Task goal:
The answer must consist only of the lines in the records below from the line with "Elevate' Pet food range packaging" to the line with "Modern luxury meeting", both included, copied word for word with every picture left out.

Records provided:
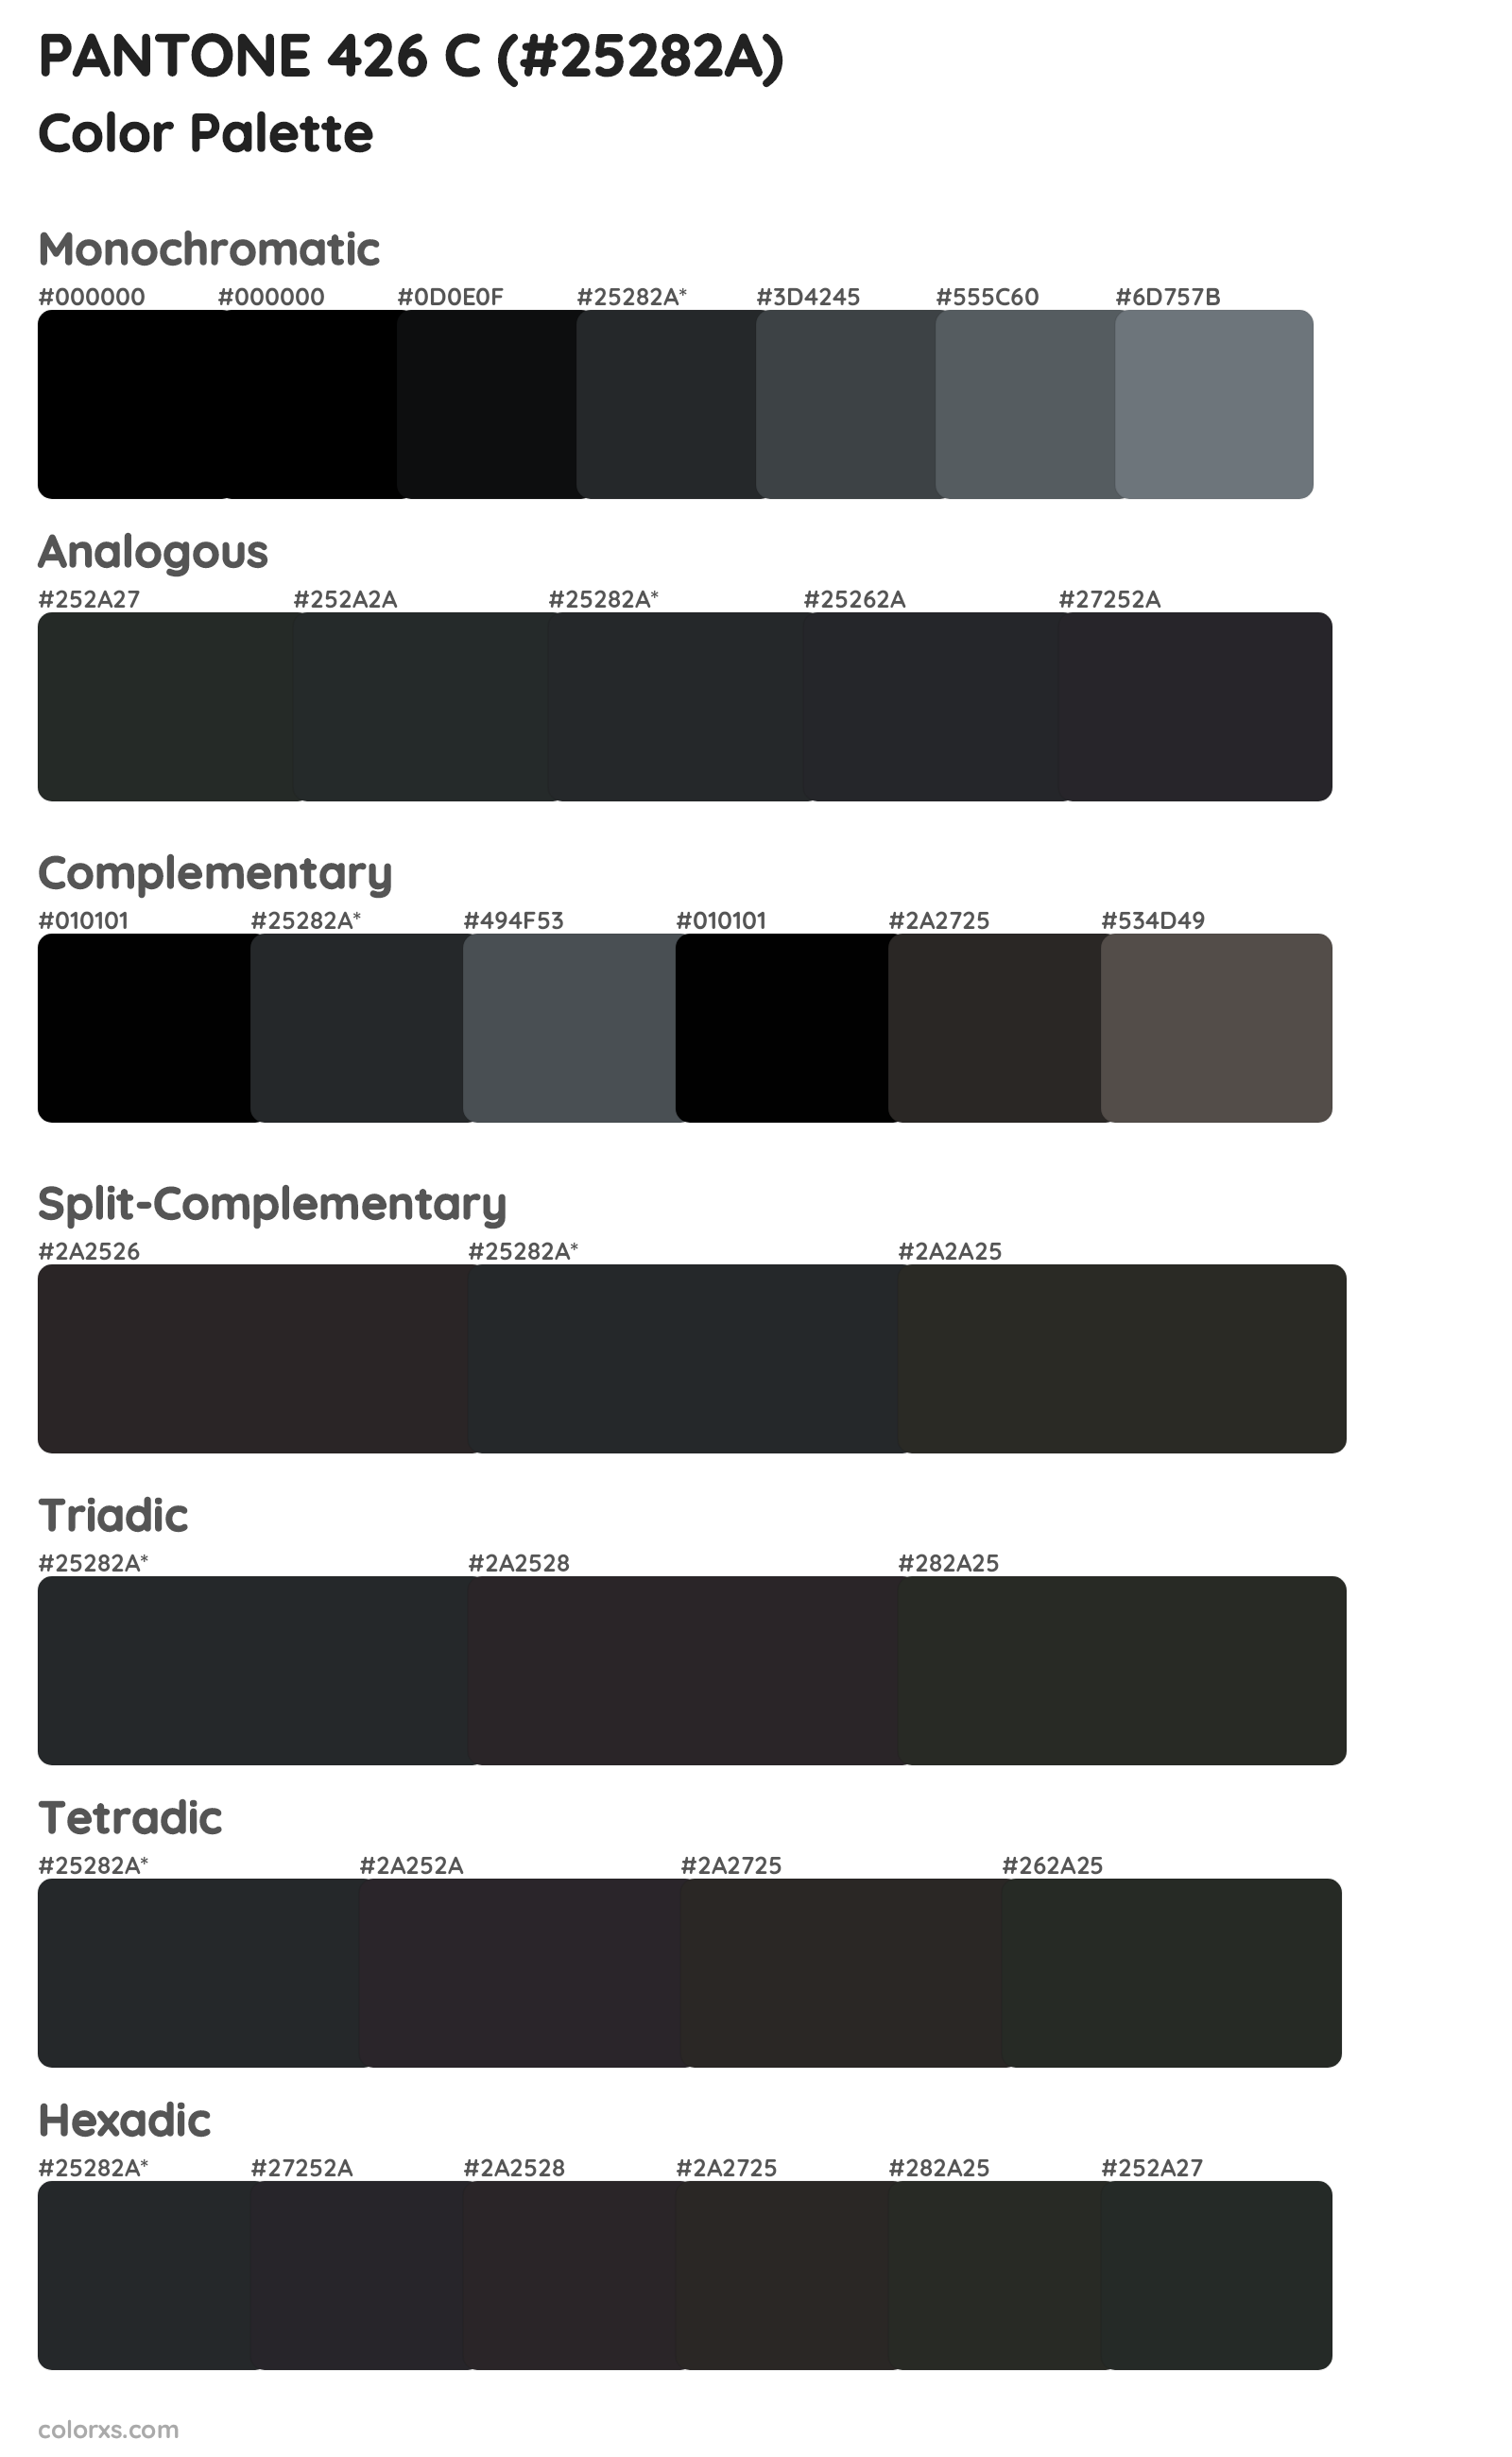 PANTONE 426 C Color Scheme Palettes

* * *

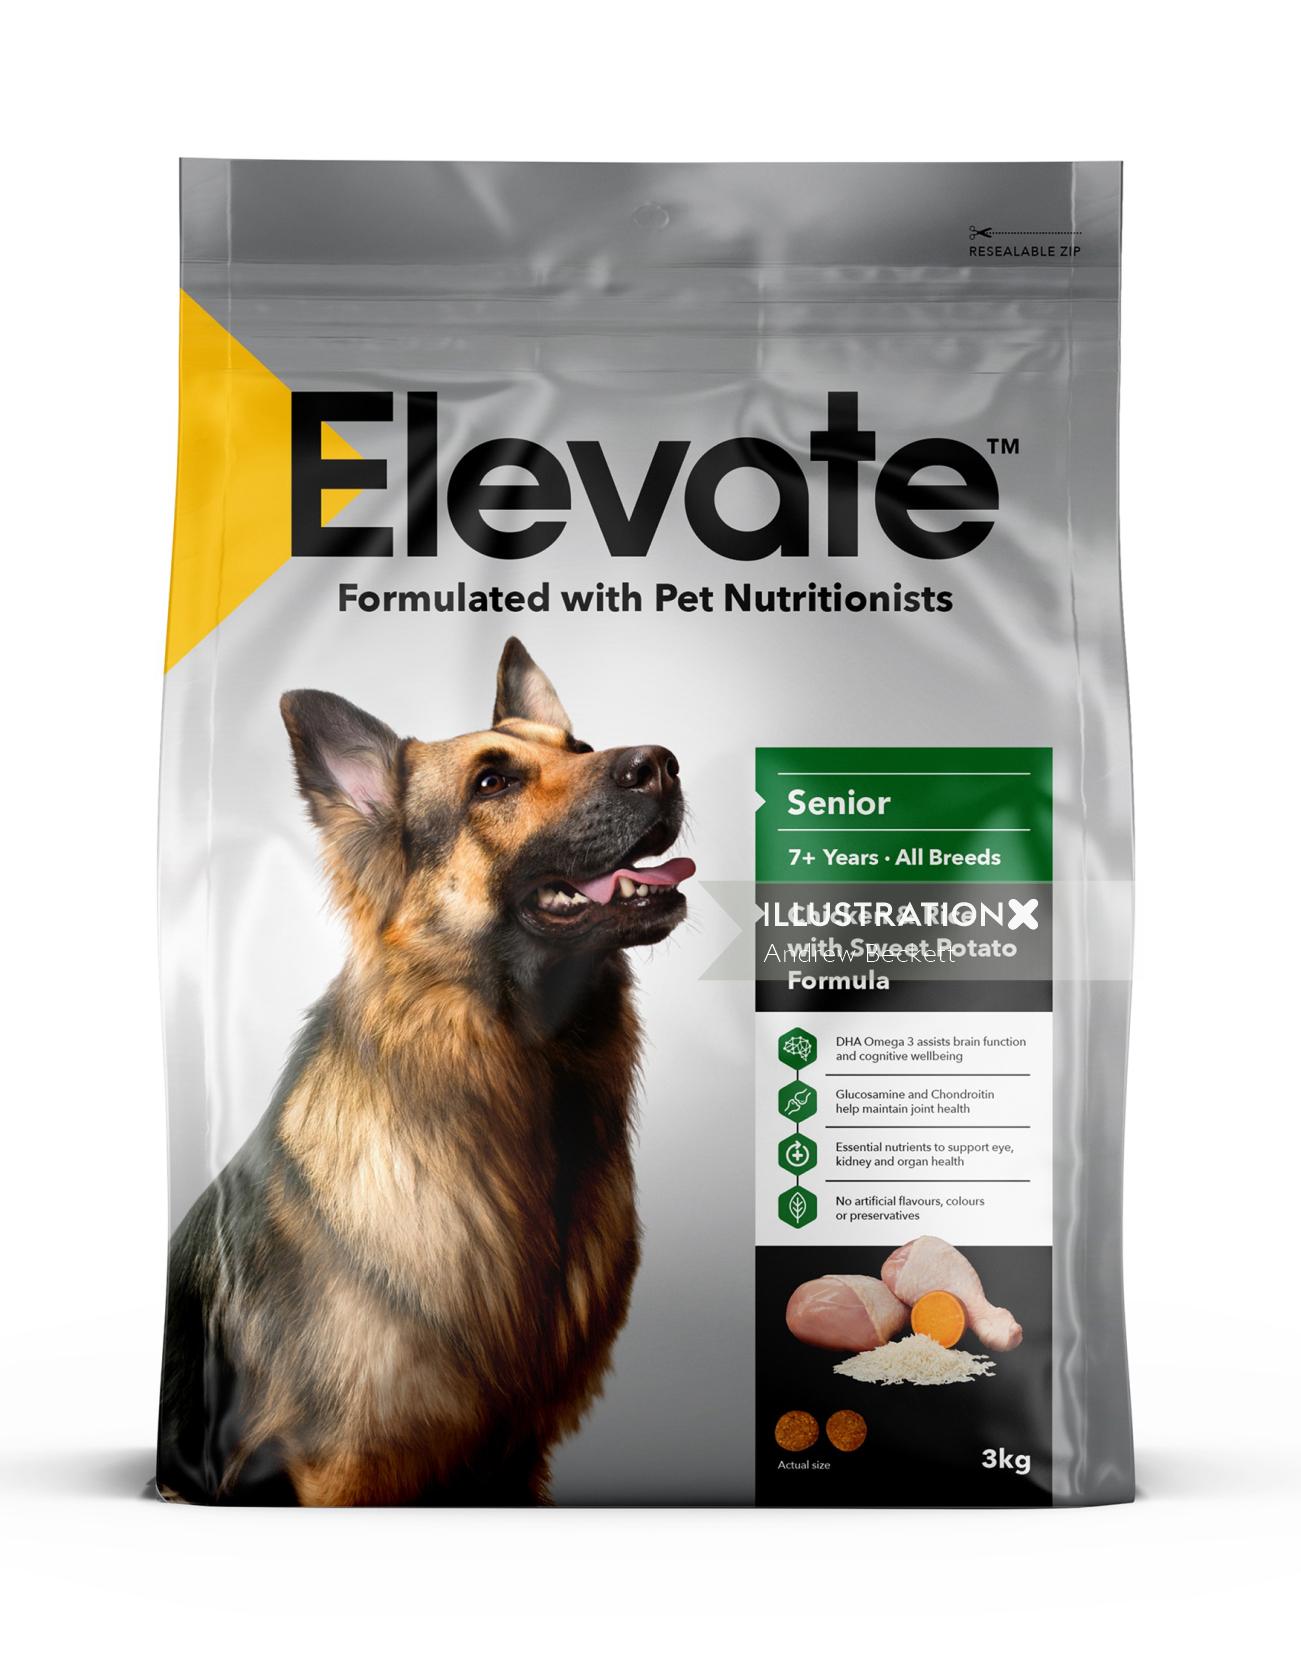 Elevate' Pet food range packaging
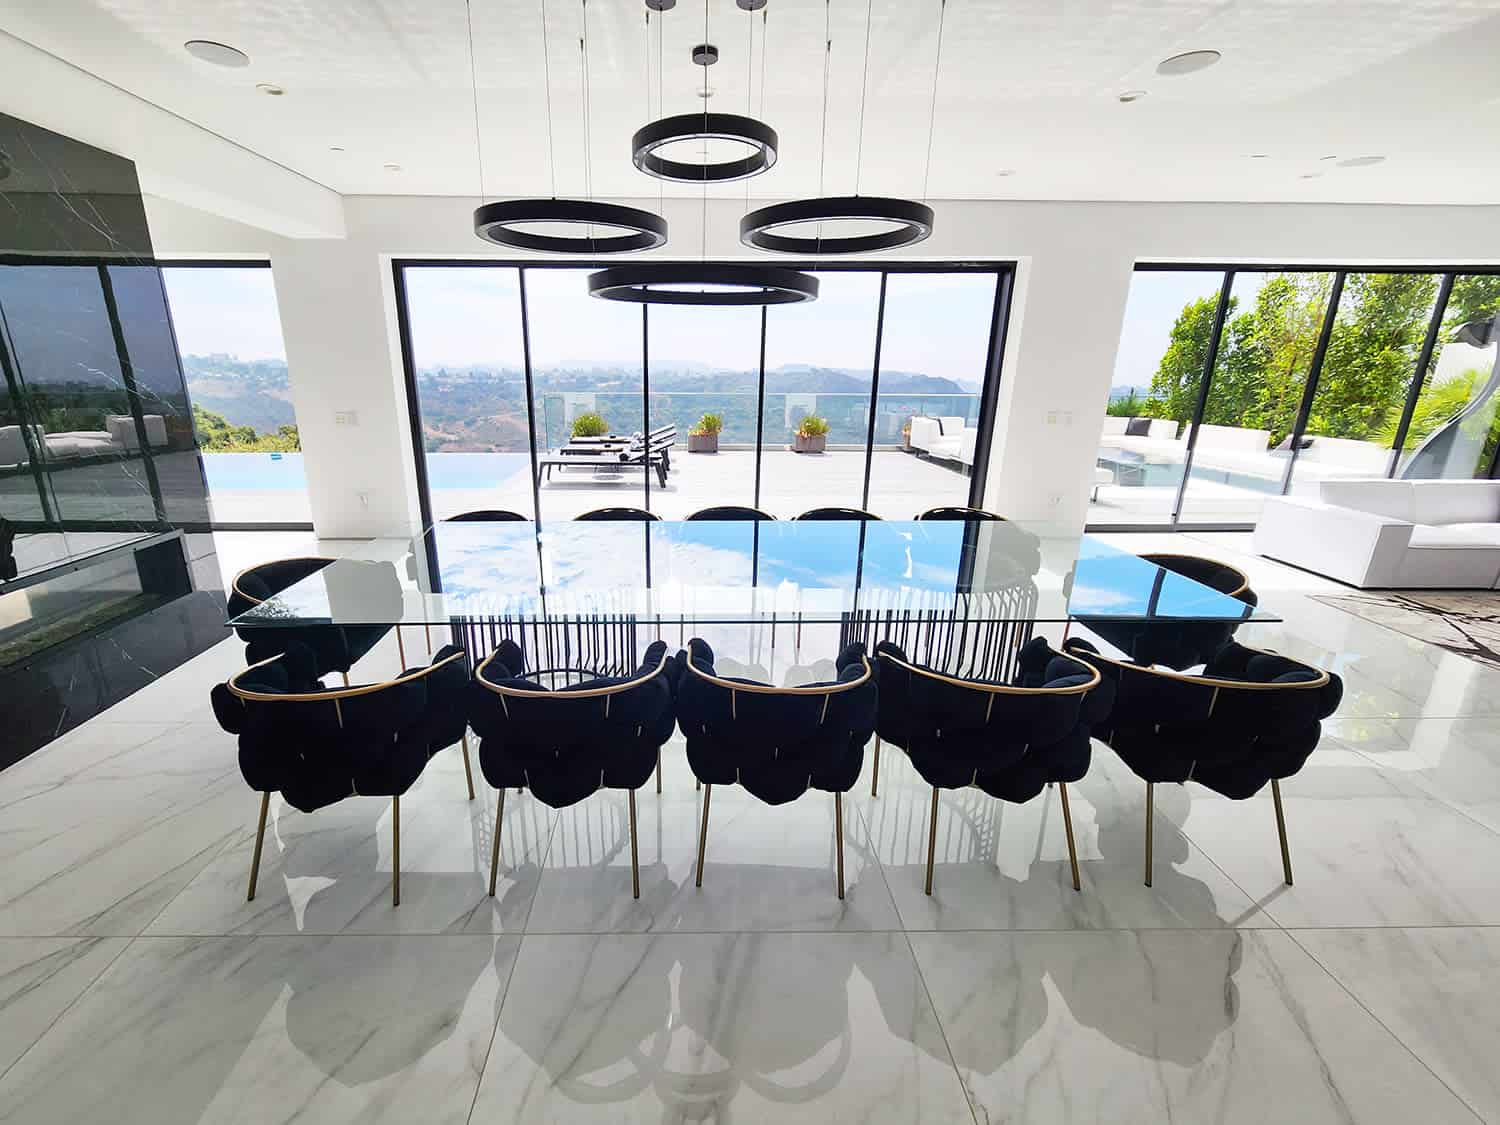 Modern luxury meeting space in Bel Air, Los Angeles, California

Expected output:
 Elevate' Pet food range packaging
 Modern luxury meeting space in Bel Air, Los Angeles, California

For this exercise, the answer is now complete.